又道“咱們女兒桂姐,要不是得主子恩典賞了藥,恐怕,恐怕活都活不到這個時候。現在好了,咱們女兒桂姐身子總算好些,將來玉溪升了側夫,桂姐也大了,再得一份好前程,我這輩子也不求什麼了。你若累了,趁早挺屍去。這麼好的親事,府裡那個不羨慕?況又得了雙倍賞錢,陸側夫說主夫又許了將來正夫進了門,不管溪兒生沒生孩子都升了側夫,這等恩典,你若還要說嘴,那就真的天打雷劈了……”
木拐李聽了臉色黑了黑,低聲道:“我又沒說這門親事不好。值當你絮絮叨叨說那多? 我就是覺得,覺得,咱玉溪畢竟身份低,將來府裡進了正夫或者別的身份高的側夫。

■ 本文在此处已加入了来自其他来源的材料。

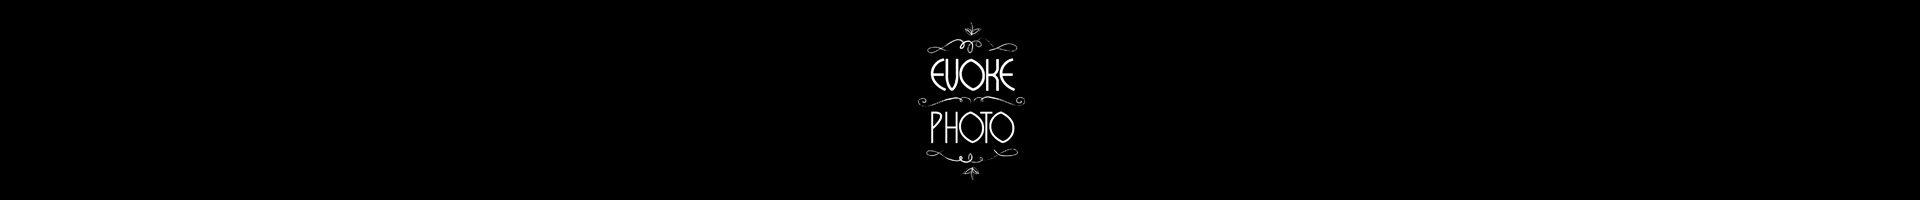 Evoke Photo Blog

要爭寵起來,哪裡爭的過? 將來失了寵豈不是難過? 就像林側夫……”
“像林側夫怎麼了?兒子是國公府的公子,自己住著那麼體面的院子,吃的是山珍海味,穿的是綾羅綢緞。就算夫人沒以前寵他,但是府裡哪個又敢看輕了他。”
阿椿聽後介面道。
“而且男人嫁了人,哪能保證妻主對自己寵愛一輩子的。我就承望著玉溪趁著得寵的這幾年,好好生幾個孩子才是正經。男人有了孩子哪有空整天講什麼情情愛愛的。下半輩子若無寵就靠著孩子好好過一輩子就是了。”
阿椿看了一眼妻主木拐李,道:“況且,你就能保證咱家玉溪嫁了那吳春花,那吳春花就能寵我們玉溪一輩子了。女人只要有點錢勢的,哪個不是左一個右一個的,那吳春花不過是個管事,我聽說她還在外面樓裡包了小倌呢!你也就是沒這機會,要是有,怕是也……”

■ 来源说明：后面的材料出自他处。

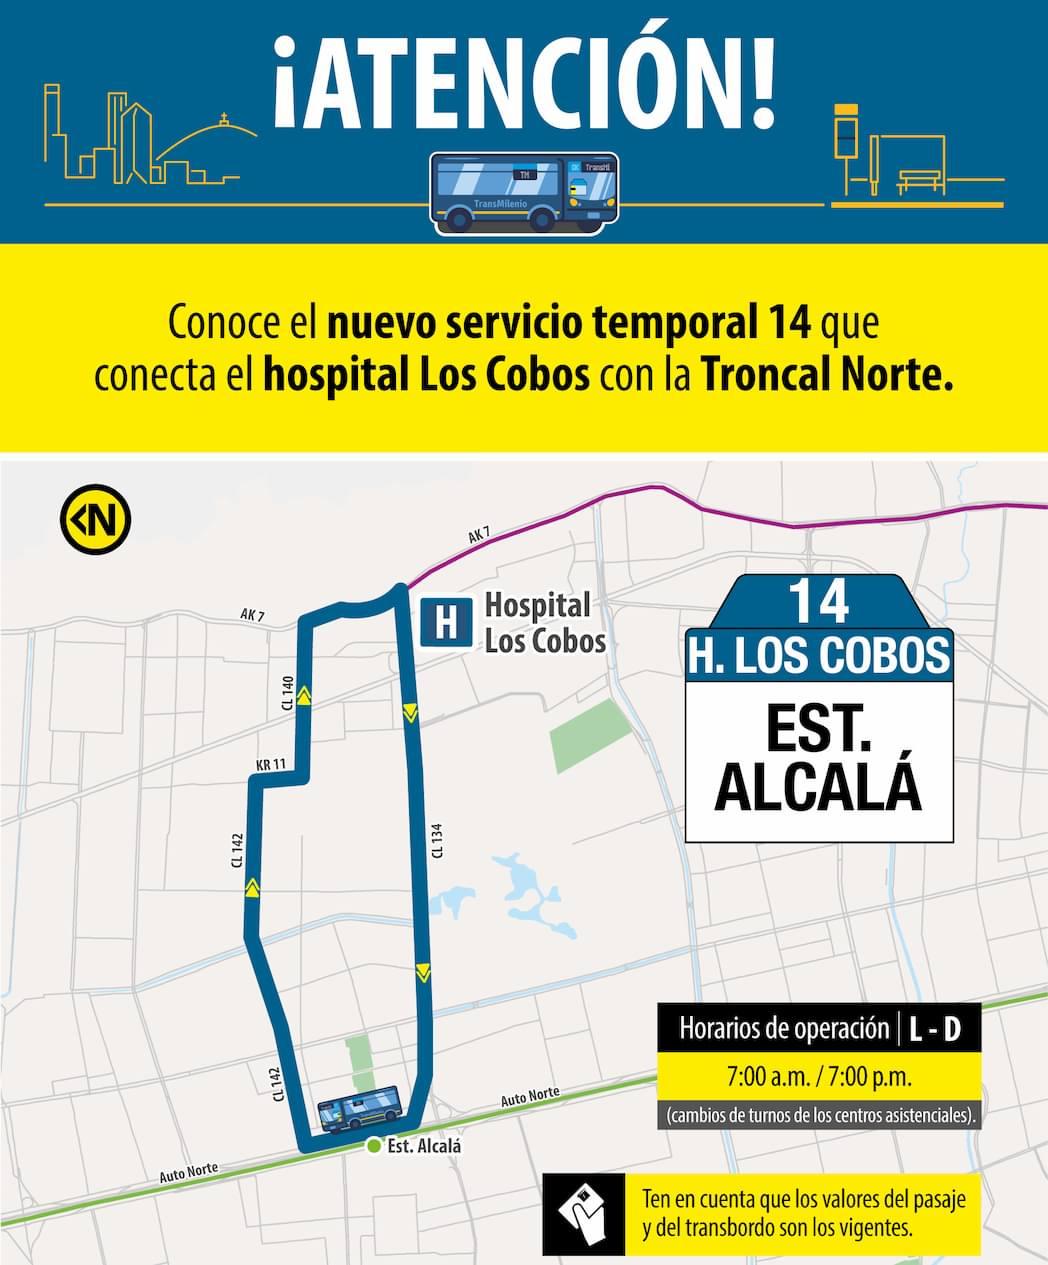 Ruta 14 Hospital Los Cobos, , mapa bus urbano Bogotá

“胡說八道什麼,好好說玉溪的親事,怎麼又說到我頭上了。好了,好了,我不過擔心玉溪,為了玉溪好,才說了一嘴。瞧你,絮叨個沒完。我以後不說了行了吧!”
阿椿見木拐李服了軟,也放柔了語氣道:“妻主,我知道你是擔心咱兒子,怕他將來委屈。做母父的,哪個不是這樣? 但這世上哪有十全十美的事兒。咱家玉溪在咱們眼裡自然千好萬好,但身份畢竟低微,能得這頭好親事已經是人人稱羨了,你以後可別提什麼正夫不正夫的,免得給咱兒子找麻煩。 ”
木拐李,輕敲了敲煙槍,嗯了一聲。
一房之隔的玉溪自是不知道母父的這番擔憂議論。盈盈燭光裡,玉溪那張明澈的俊顏正帶著笑給他初夜裡的禮服描一個花樣子。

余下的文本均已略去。